Потом мы с Азрой уплывали обратно. Ставили парус. Вода бурлила под килем. По этому звуку разрезаемой воды я даже научился определять скорость хода. Надо было примерно выбрать курс, закрепить румпель, и ещё довольно долго пользоваться спокойствием и безлюдием. Когда берег становился виден отчётливо, в море возникала суета: корабли, лодки, пеликаны, бакланы и чайки, разноцветные буи, раскрашенные мною самим, с белыми полосами птичьего помёта, стаи дельфинов и башня анконского маяка.

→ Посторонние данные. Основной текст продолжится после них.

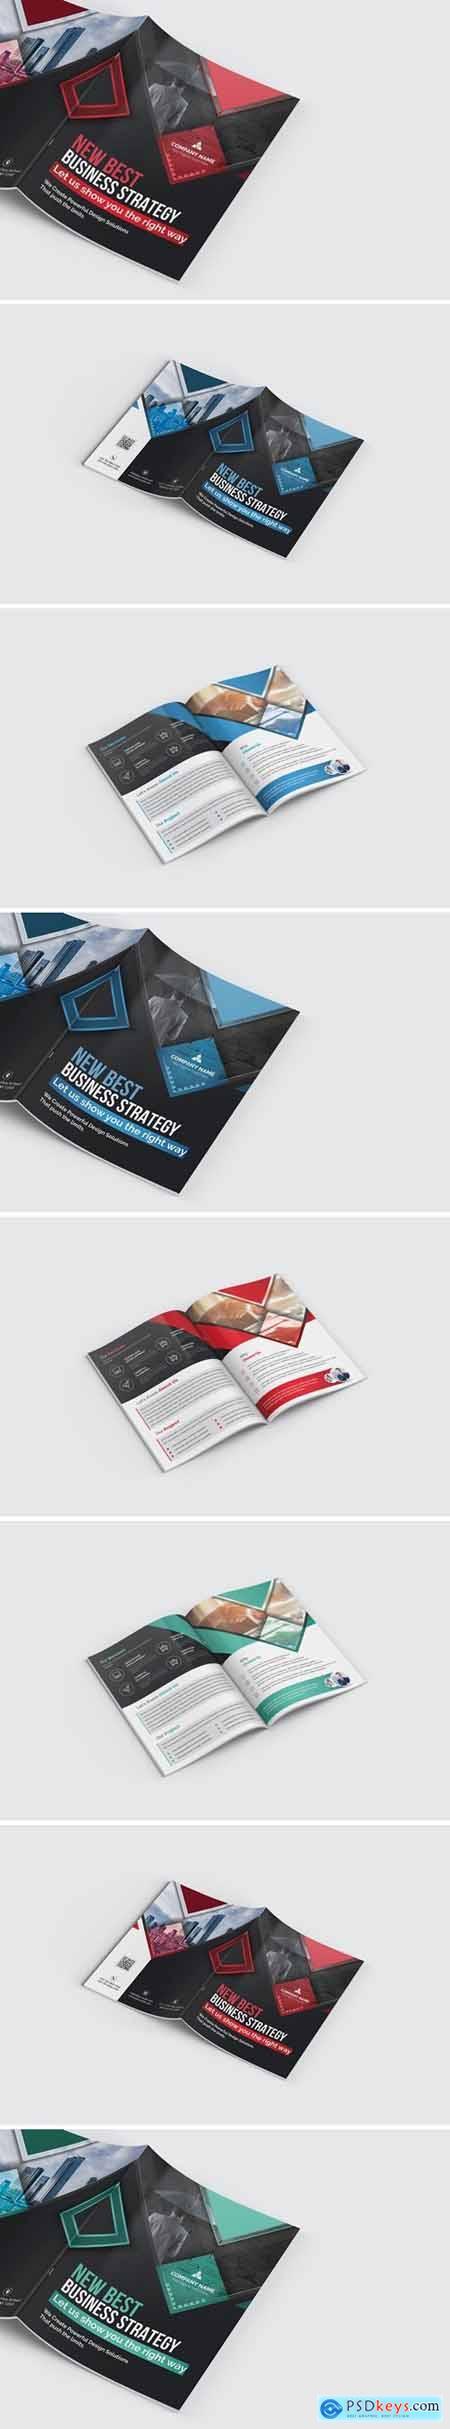 Bifold Brochure JJNJ6JY

«Вот что, — подумал я, — а пойду-ка я ночью в Анкону, доберусь вплавь до замка Муль и придушу старика Луиджи. Точно! Какая отличная идея. Сделаю гарроту из рыбацкого самодура и придушу Луиджи». Как мы видим, это была третья мысль на уже известную тему. Странно, что я не сразу додумался до того, что тюремщика Луиджи можно убить. Вероятно, убийство тюремщика было настолько сладостно моему больному мозгу, что я не смел об этом даже мечтать. А тут — пожалуйста. Сказано — сделано. Ночью я дождался, пока Азра не уснула, и отправился в город. В темноте я добрался до фонтана, умылся. Вода пахла ночной свежестью. Днём вода такой не бывает. Я нюхал воду, задирал нос вверх, старался уловить затхлую сырость подземелья, среди тысяч запахов я старался различить и, наконец, вдохнул старческий вялый букет запахов Луиджи: запах его жидкой крови, плесени и сырных корок. Я почуял добычу, стал пробираться вниз, к пристани и заблудился. Я потерял направление. Всё вокруг стало другим. Незнакомый ночной город окружил меня. В чужих, незнакомых мне домах кто-то спал, и мне казалось, что я слышу сонное бормотание на неизвестном мне языке. Мне сделалось жутко, я вспомнил, что уже несколько раз бывал в этом городе в моих кошмарах, посещавших меня в подвале анконского замка. Что-то чудовищное должно было произойти с минуты на минуту, а я всё не мог вспомнить что, там за поворотом переулка. Справа на холме Гуаско, на фоне ночного неба я увидел купол сан Кириако. Улицы города моих кошмаров сдвинулись, поменяли направление, всё стало привычным, я вернулся в Анкону. Я свернул к Торговым Лоджиям, и дальше, мимо пахучей канатной фабрики, вдоль стены прачечной и кладбища прокажённых, выбрался к Рыбному рынку. До гавани было рукой подать, и я уже различал силуэт арки Траяна и отражение редких огней на мелкой ряби тёмной бухты. На маяке горел сигнальный огонь, он указывал мне дорогу. «А может быть не стоит убивать Луиджи? — подумал я, — лучше сбросить его в дырку, туда вниз, пусть Душегуб Жак там его загрызёт. То-то будет смеху». Примерно такие мысли посетили меня, и тут я почувствовал, что за мной кто-то идёт. Кто-то шел по моим следам. Погоня — это всегда очень страшно. Если за вами кто-нибудь гонится, можете не сомневаться, что он сильнее вас и рассчитывает на победу. Вам страшно, а ему нет. Вы ничего о нем не знаете, а он знает про вас всё, про все ваши слабости, неловкости и прегрешения. Он — ваша наглая совесть и палач. Князь мира сего неотступно следит за всеми, и каждому — приговор.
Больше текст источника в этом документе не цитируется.